START GIVEN MATERIAL
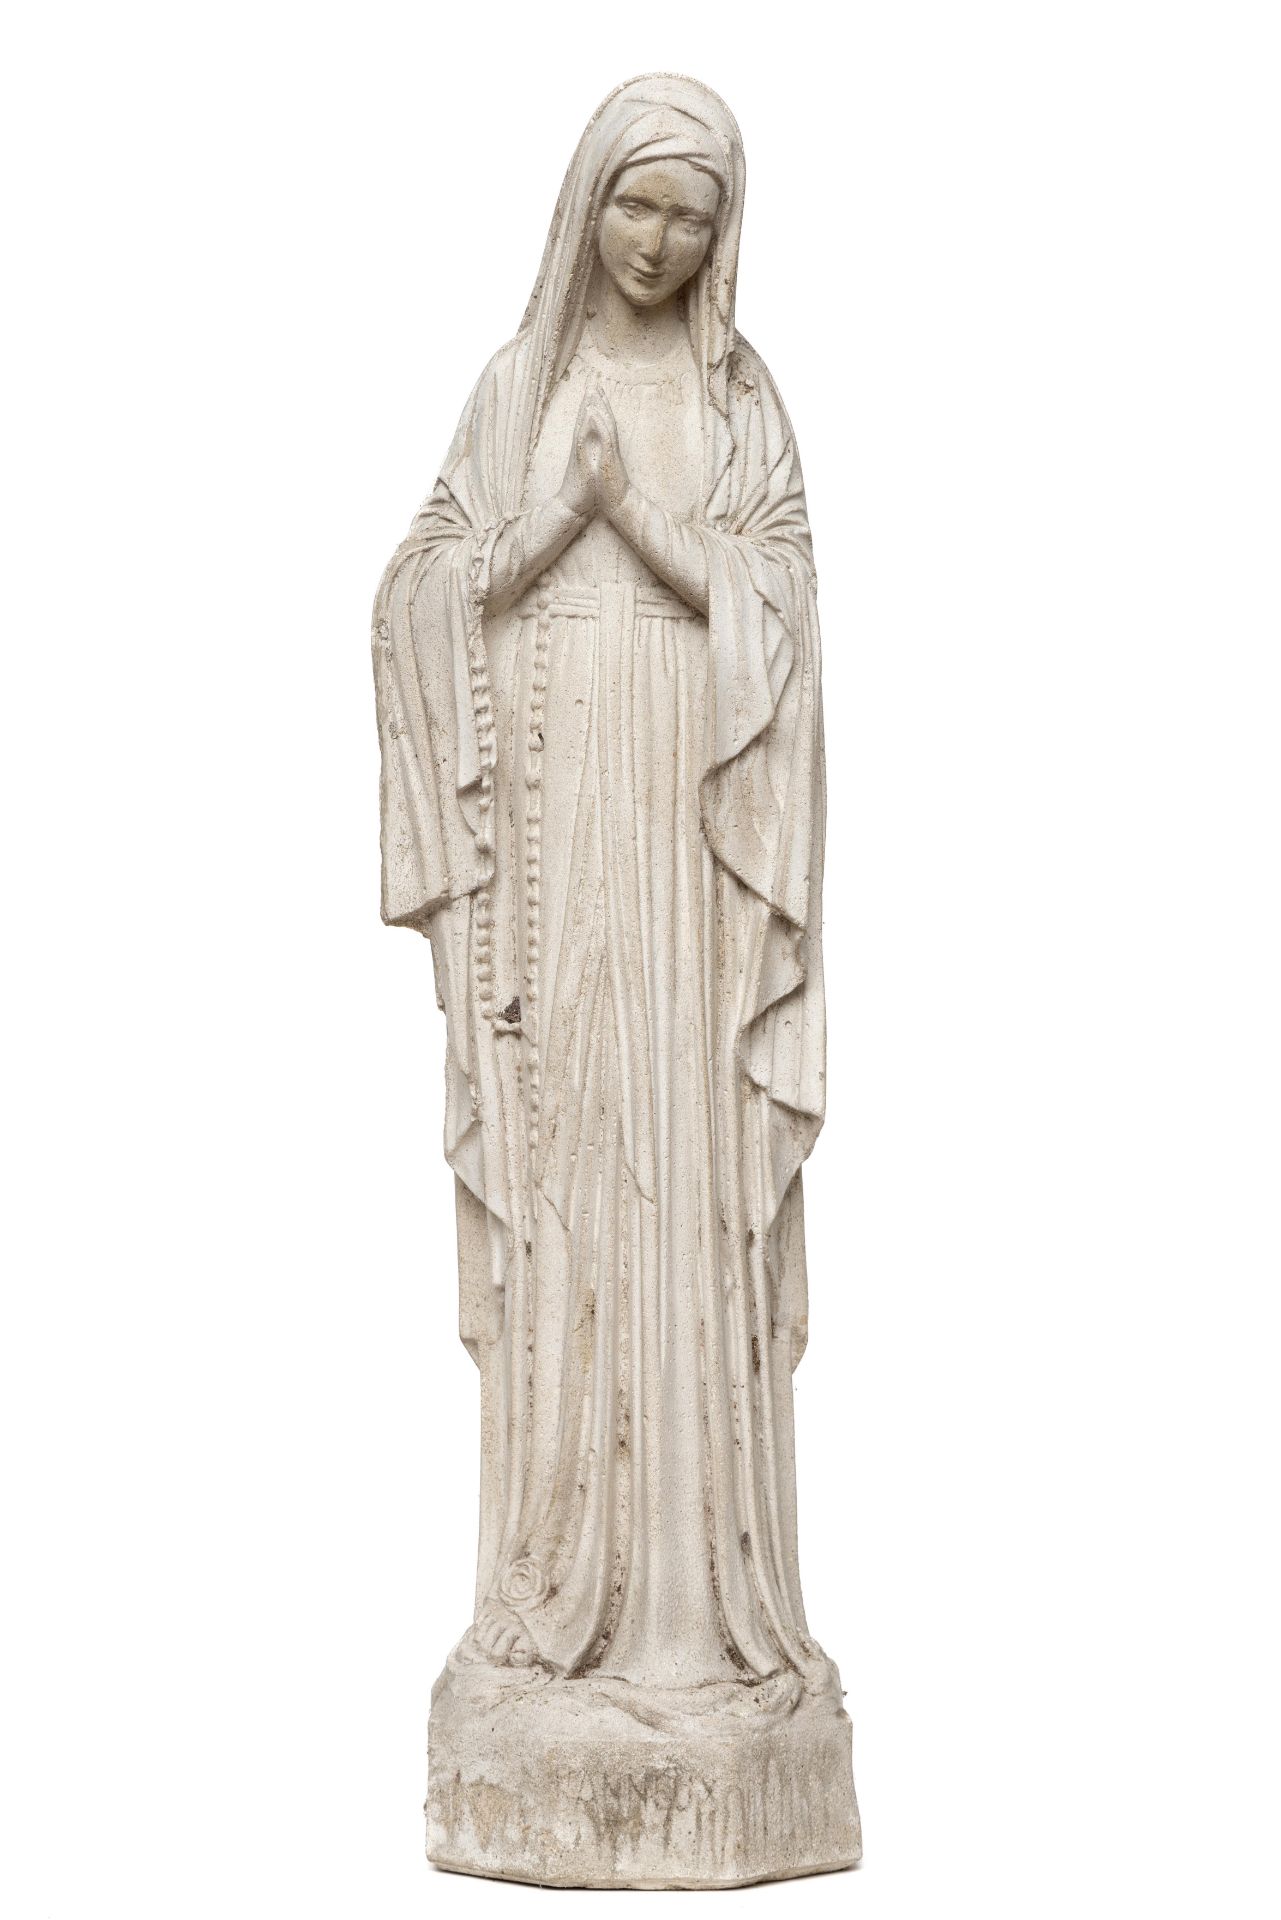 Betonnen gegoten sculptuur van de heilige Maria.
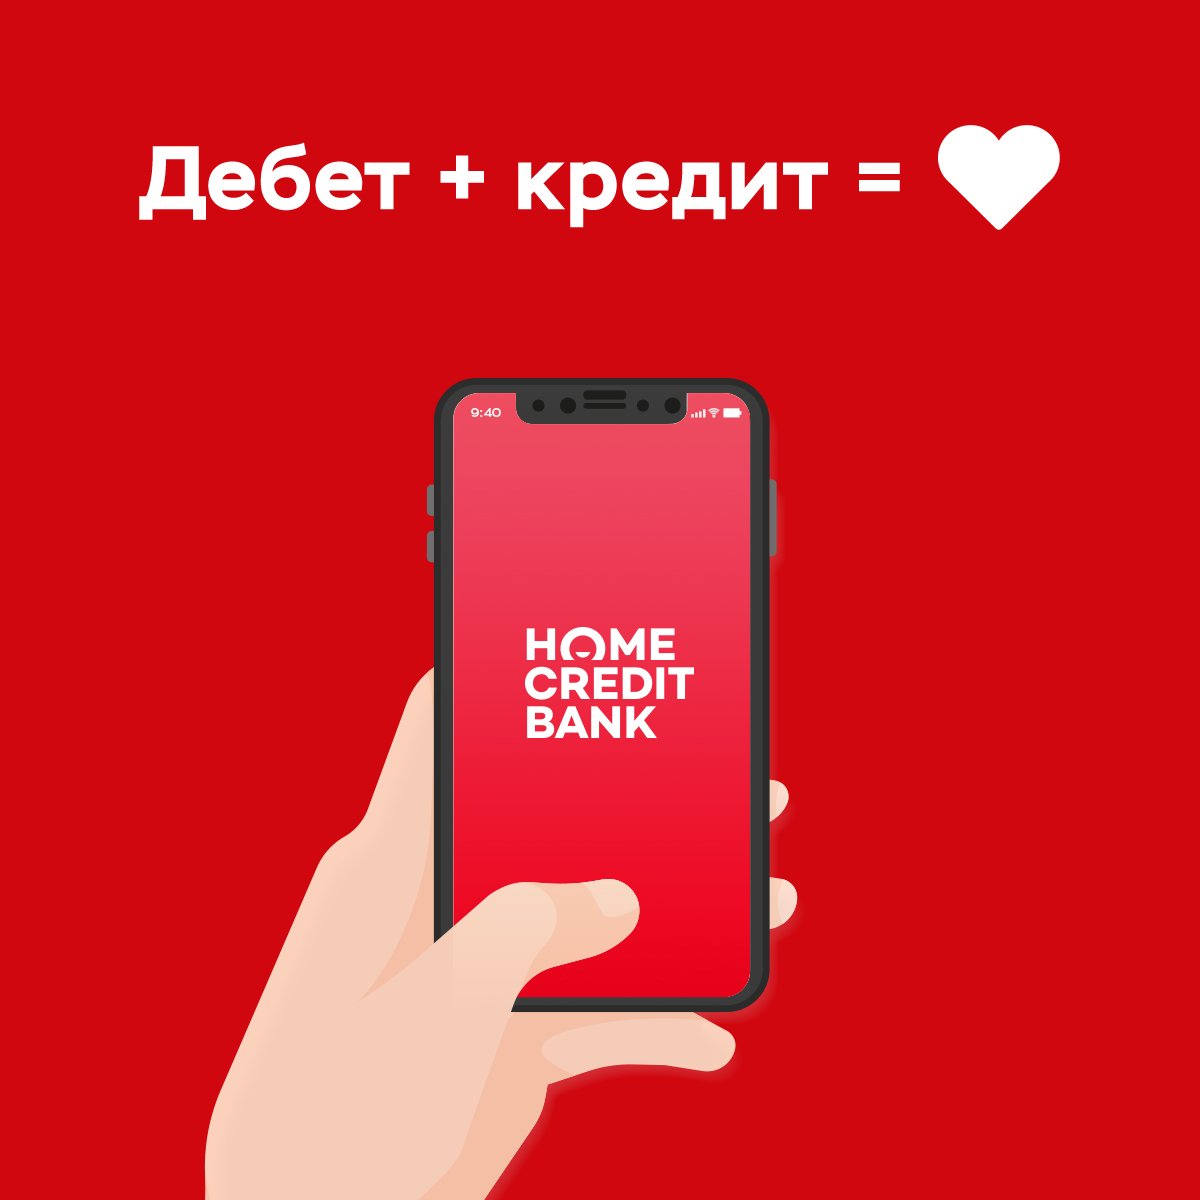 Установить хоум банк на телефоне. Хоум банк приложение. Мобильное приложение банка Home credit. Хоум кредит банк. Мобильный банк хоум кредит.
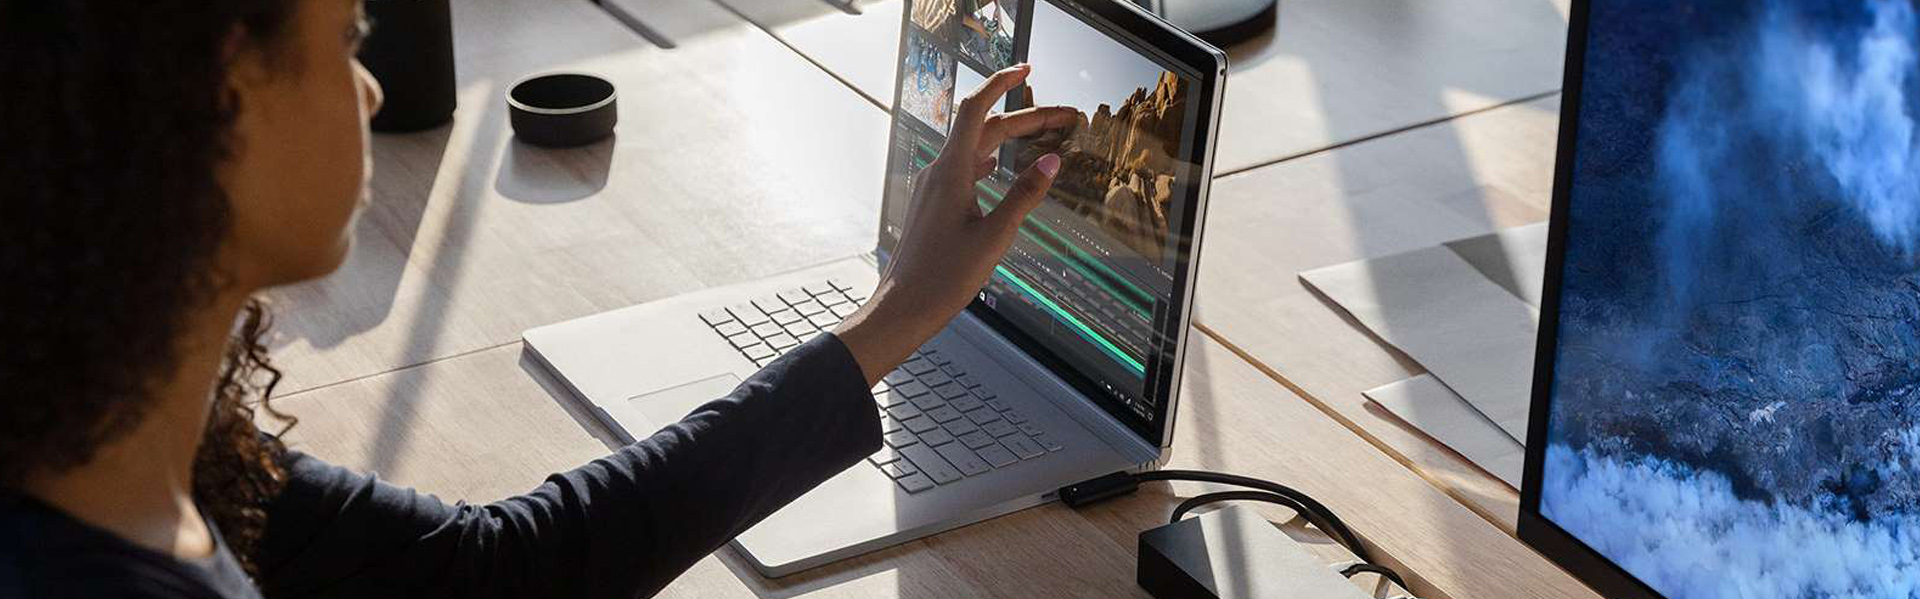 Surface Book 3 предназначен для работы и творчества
END GIVEN MATERIAL
PROBLEM TO SOLVE
Working from the line that contains "Установить хоум банк" to the last line of the listing, please quote each line exactly, pictures excluded.

RESULT
 Установить хоум банк на телефоне. Хоум банк приложение. Мобильное приложение банка Home credit. Хоум кредит банк. Мобильный банк хоум кредит.
 Surface Book 3 предназначен для работы и творчества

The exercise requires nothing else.